§ EXERCISE DETAILS: Without any images, write the data out exactly as it appears.

*** STORED DATA Section Begins ***

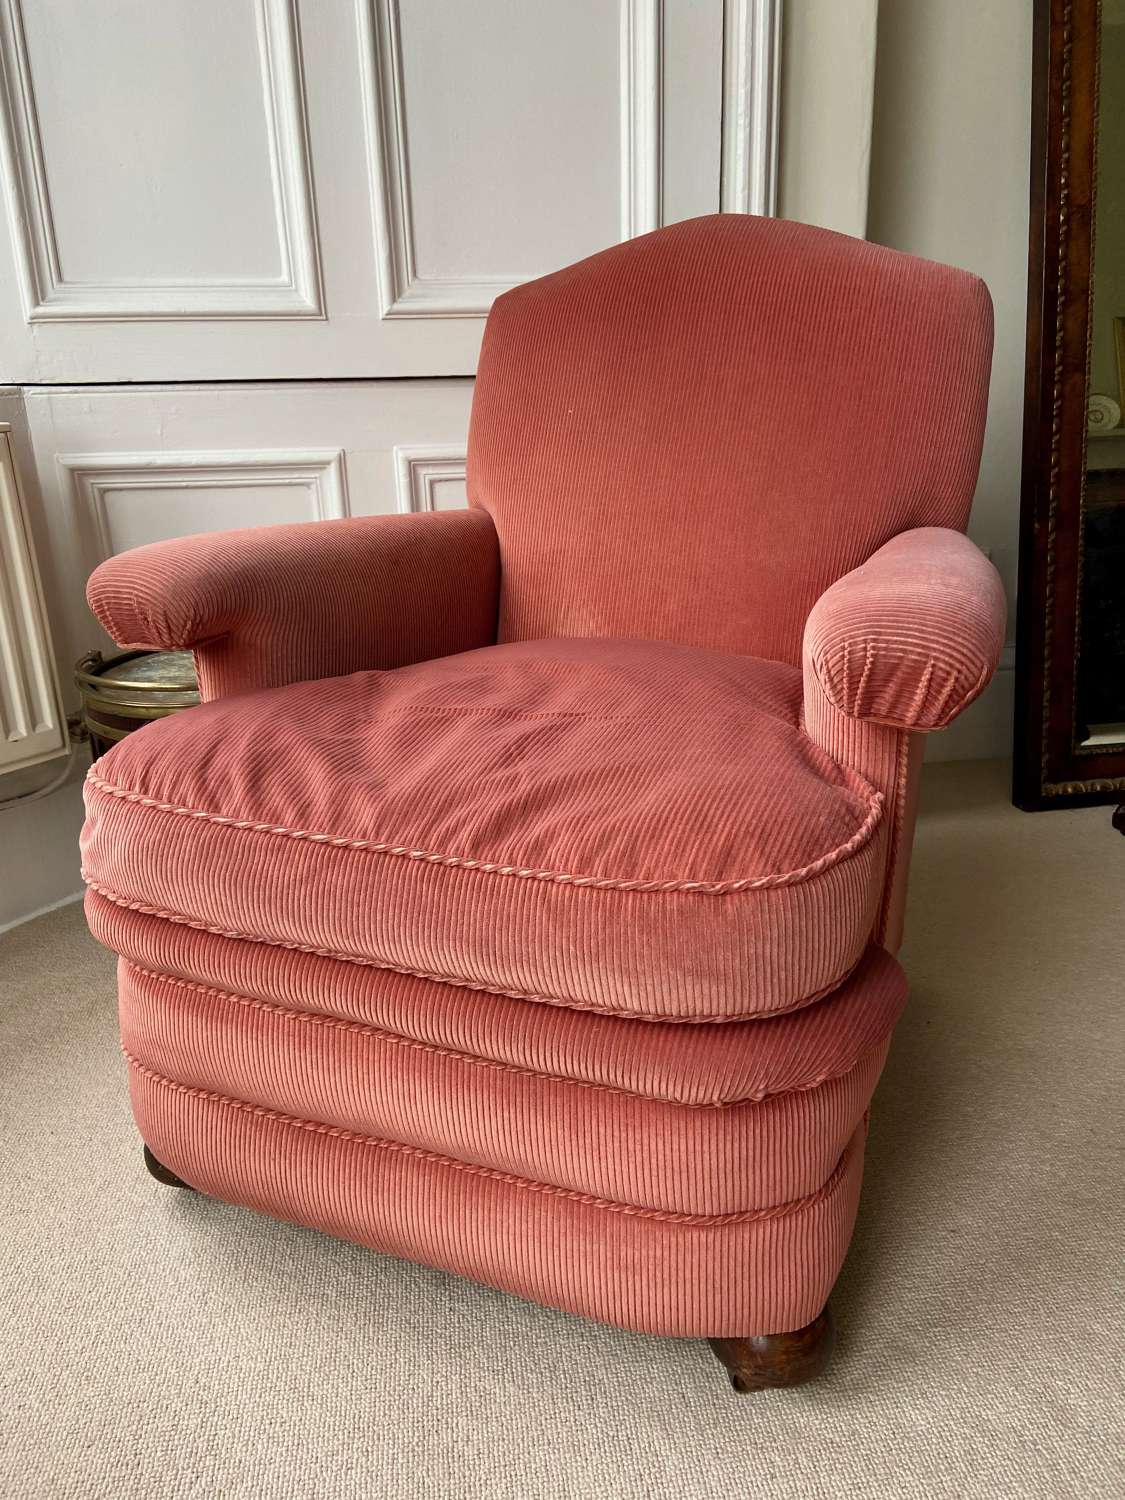 A comfortable 1930's armchair
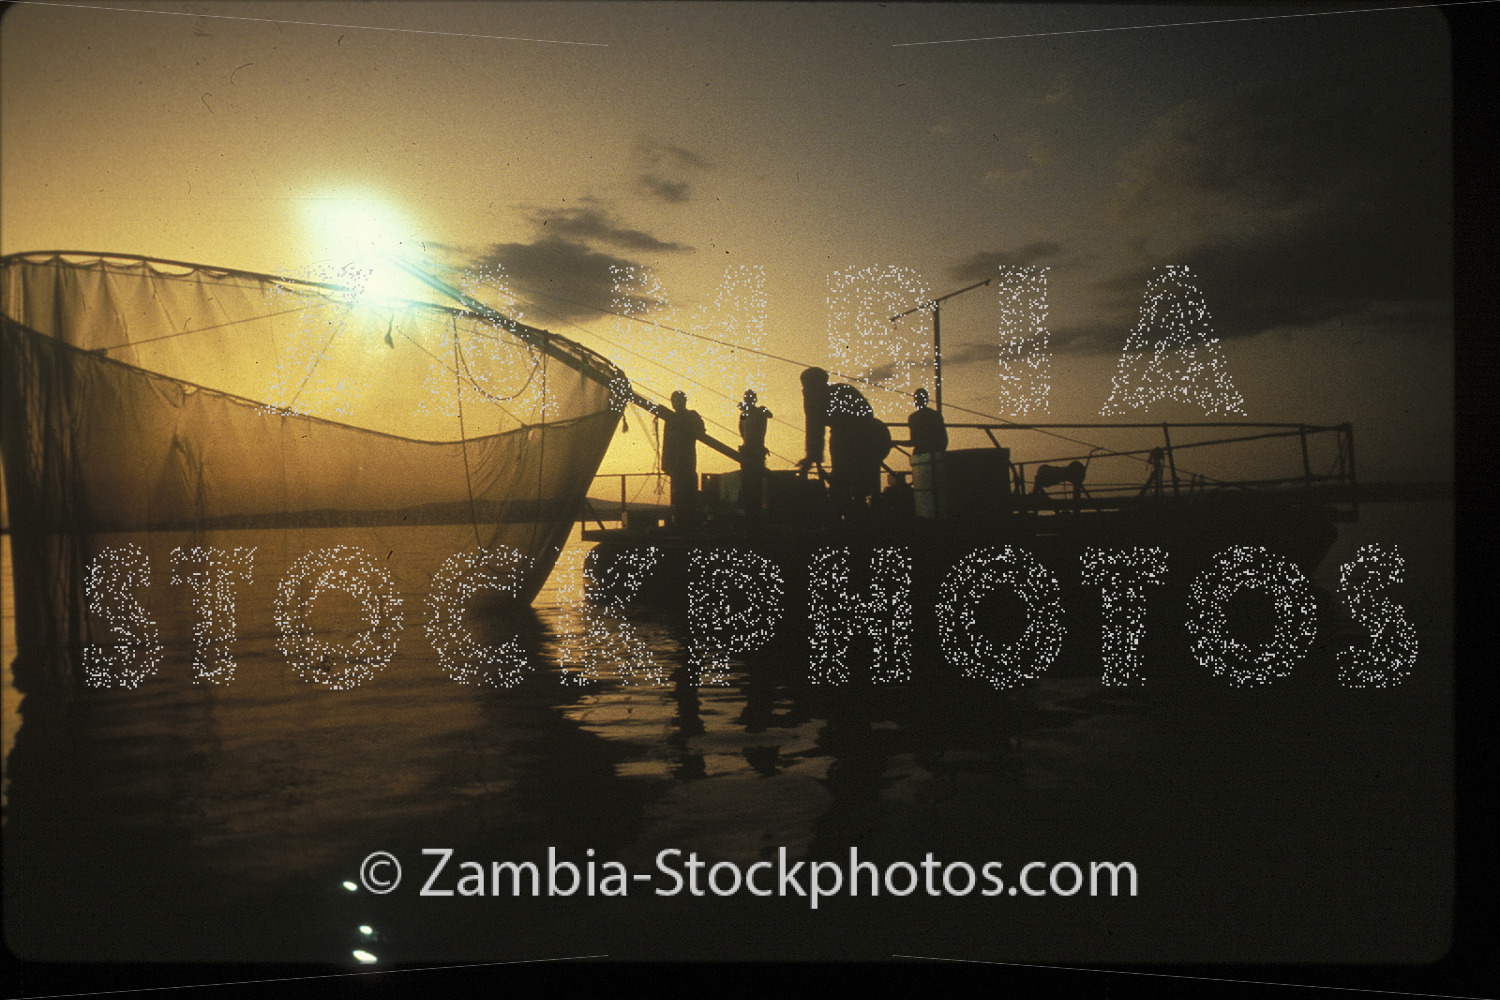 kapenta fishing.jpg - Zamstockphotos.com
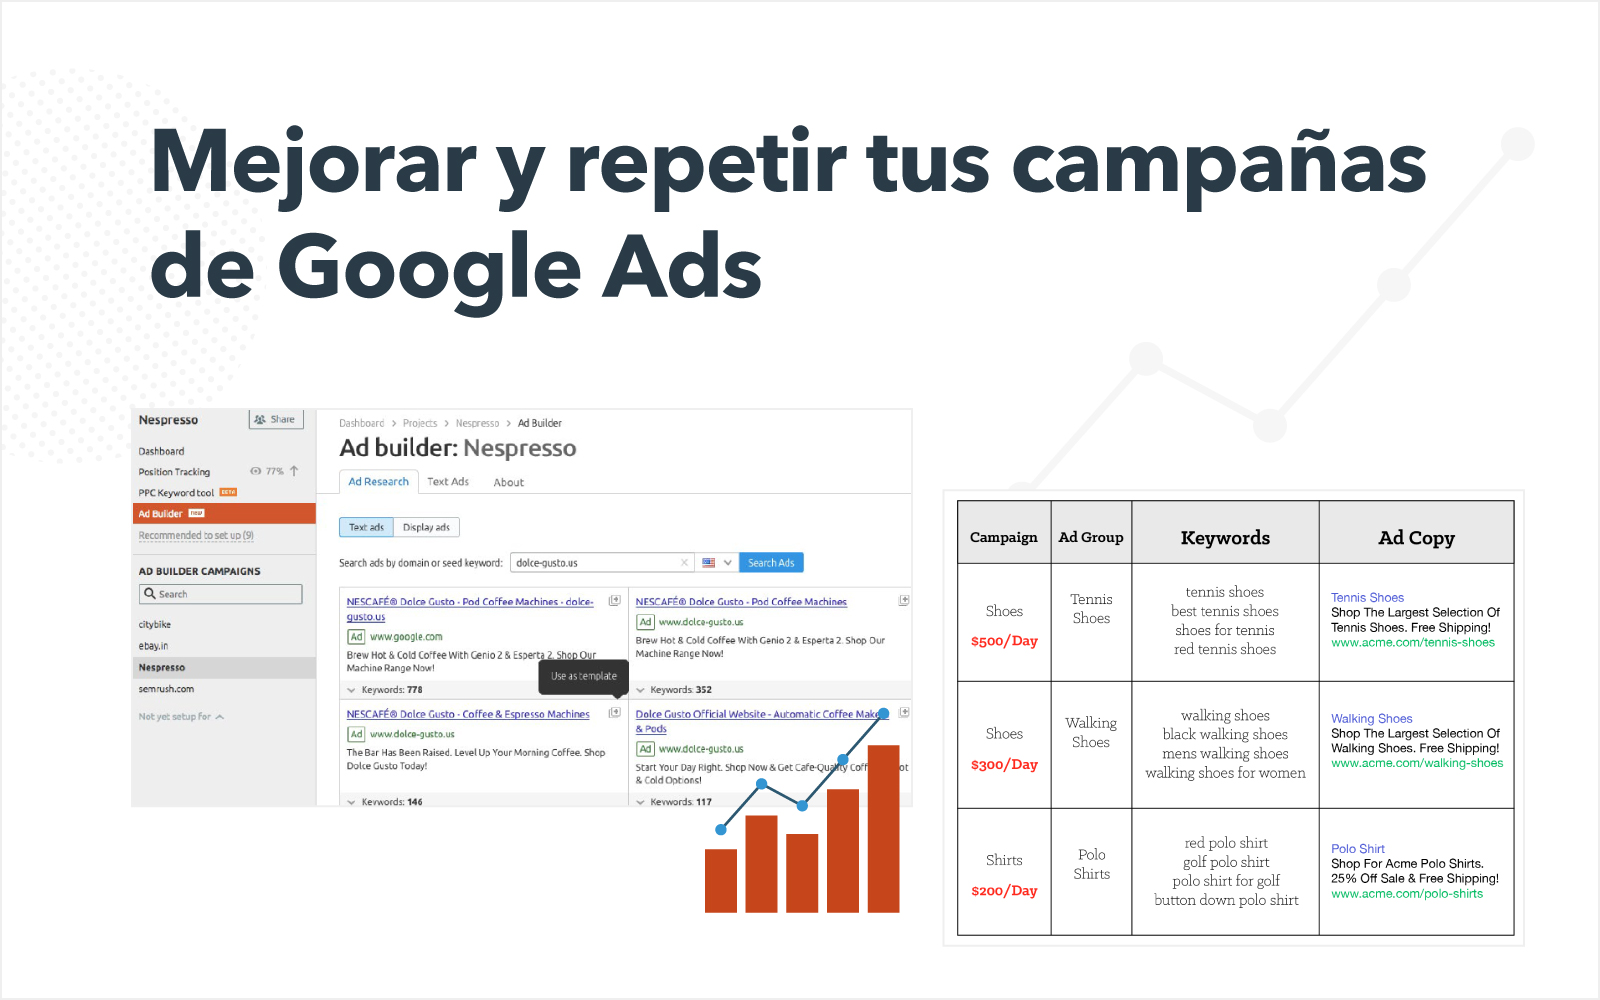 Mejorar y repetir tus campañas de Google Ads

*** STORED DATA Section Ends ***

§ OUTPUT OF THE TASK:
 A comfortable 1930's armchair
 kapenta fishing.jpg - Zamstockphotos.com
 Mejorar y repetir tus campañas de Google Ads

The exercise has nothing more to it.